Солнце заходило, так и не выглянув из-за туч, и место его захода можно было определить только по компасу. И снова ночь опустилась на бешеное зимнее море, где маленькая каравелла казалась покинутой всеми, без света дня и без надежды на спасение. В довершение всех бед волны становились все выше, и тонны воды ежеминутно обрушивались на палубу маленького судна, ломая решетки люков и срывая с них ненадежное прикрытие из просмоленной парусины.

— Это самая страшная ночь из всех пережитых нами, сын мой Луис, — проговорил Колумб примерно через час после заката, когда вокруг уже царила непроглядная тьма. — Если мы и ее переживем, можно считать, что нас хранит сам господь!

— Однако вы спокойны, сеньор, так спокойны, словно в душе и не сомневаетесь в счастливом исходе.

— Моряк, который не умеет управлять своими нервами и голосом даже в минуты крайней опасности, напрасно стал моряком.

— Если мы погибнем, сеньор, наша тайна останется в руках португальцев! — воскликнул дон Луис. — Ведь, кроме нас, ее знают только они, потому что на возвращение Мартина Алонсо вряд ли можно надеяться.

— Да, и это меня печалит.
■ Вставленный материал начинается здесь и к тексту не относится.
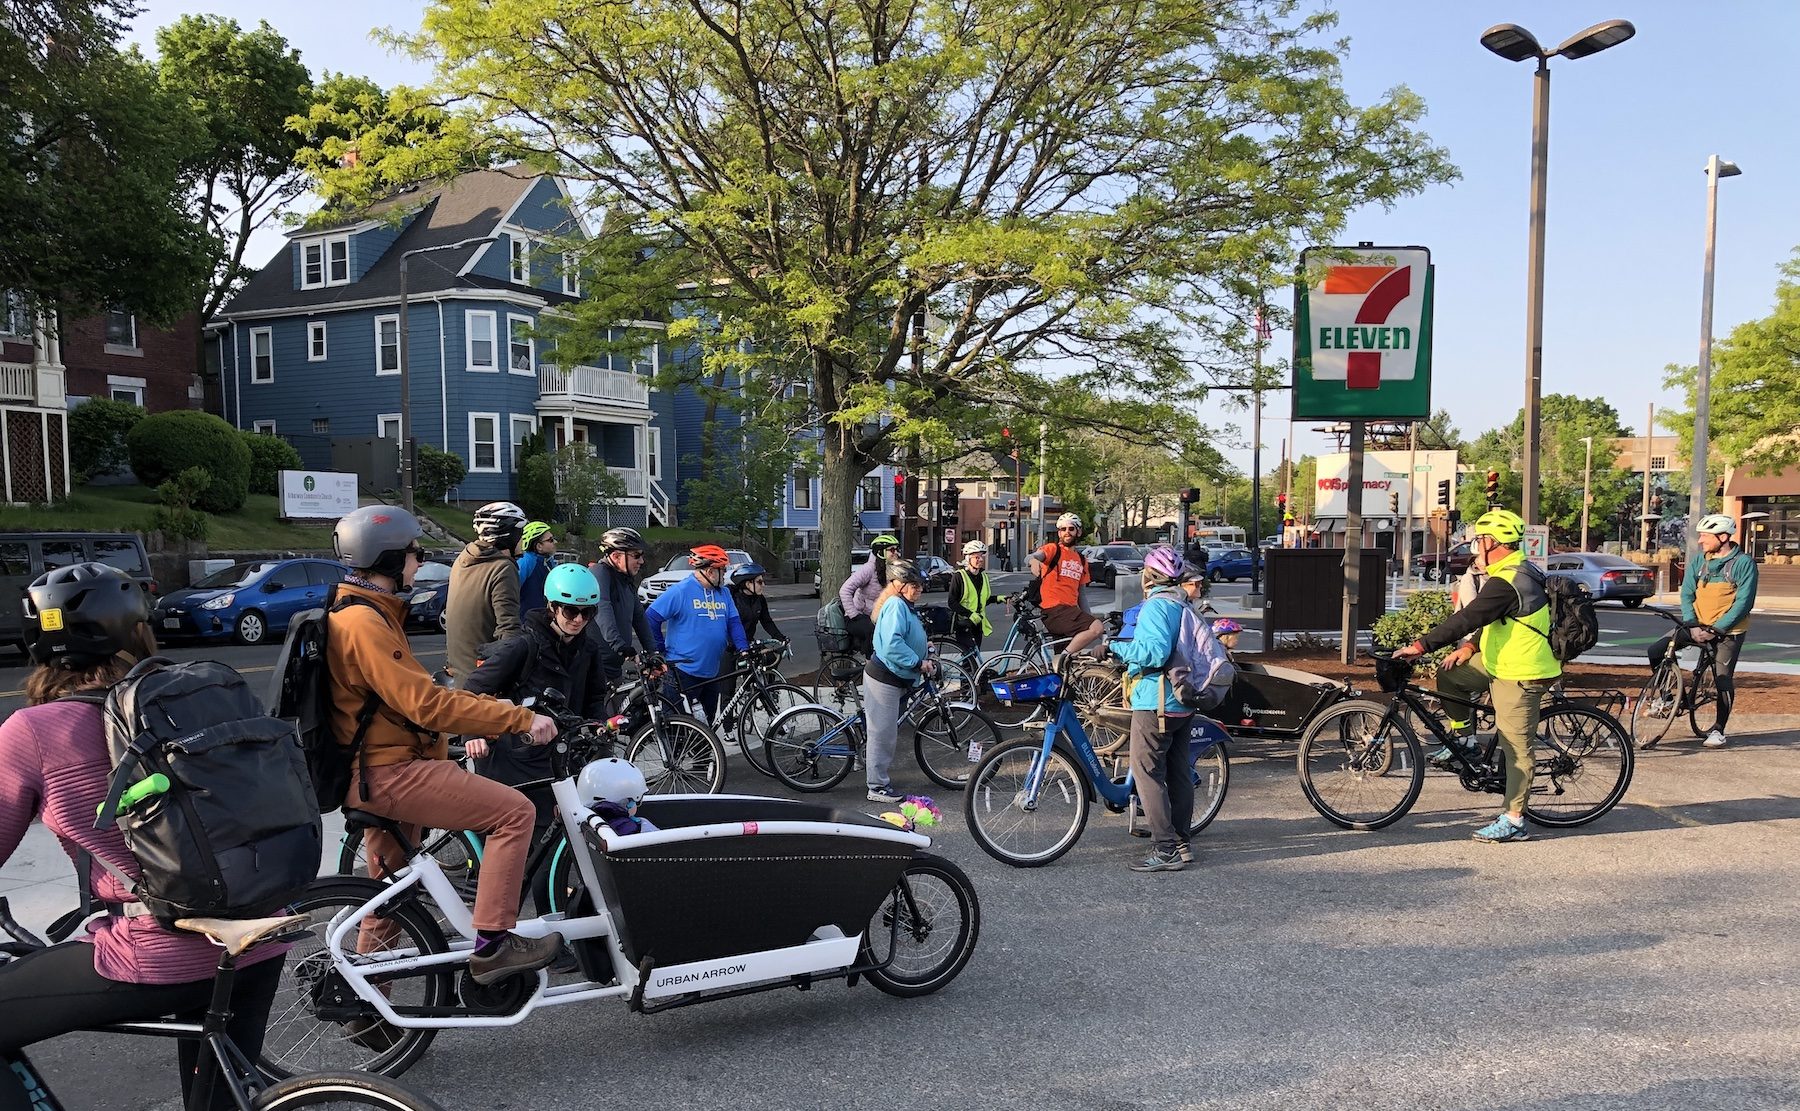 A crowd of bike riders gathers in a parking lot beneath a 7-11 sign. Several of the people are riding Dutch-style cargo bikes with large front-mounted boxes in which their children are sitting to come along for the ride.

Я сделал все, чтобы наши государи сохранили свои права на новые владения. А в остальном положимся на волю божью.

Едва успел Колумб договорить, как послышался тревожный крик: «Земля! » Сколько раз это слово вызывало взрывы восторга, но теперь оно таило в себе новую опасность. Хотя ночь была темная, временами мгла на одну-две мили вокруг корабля словно редела, и можно было достаточно ясно различить впереди очертания береговой линии.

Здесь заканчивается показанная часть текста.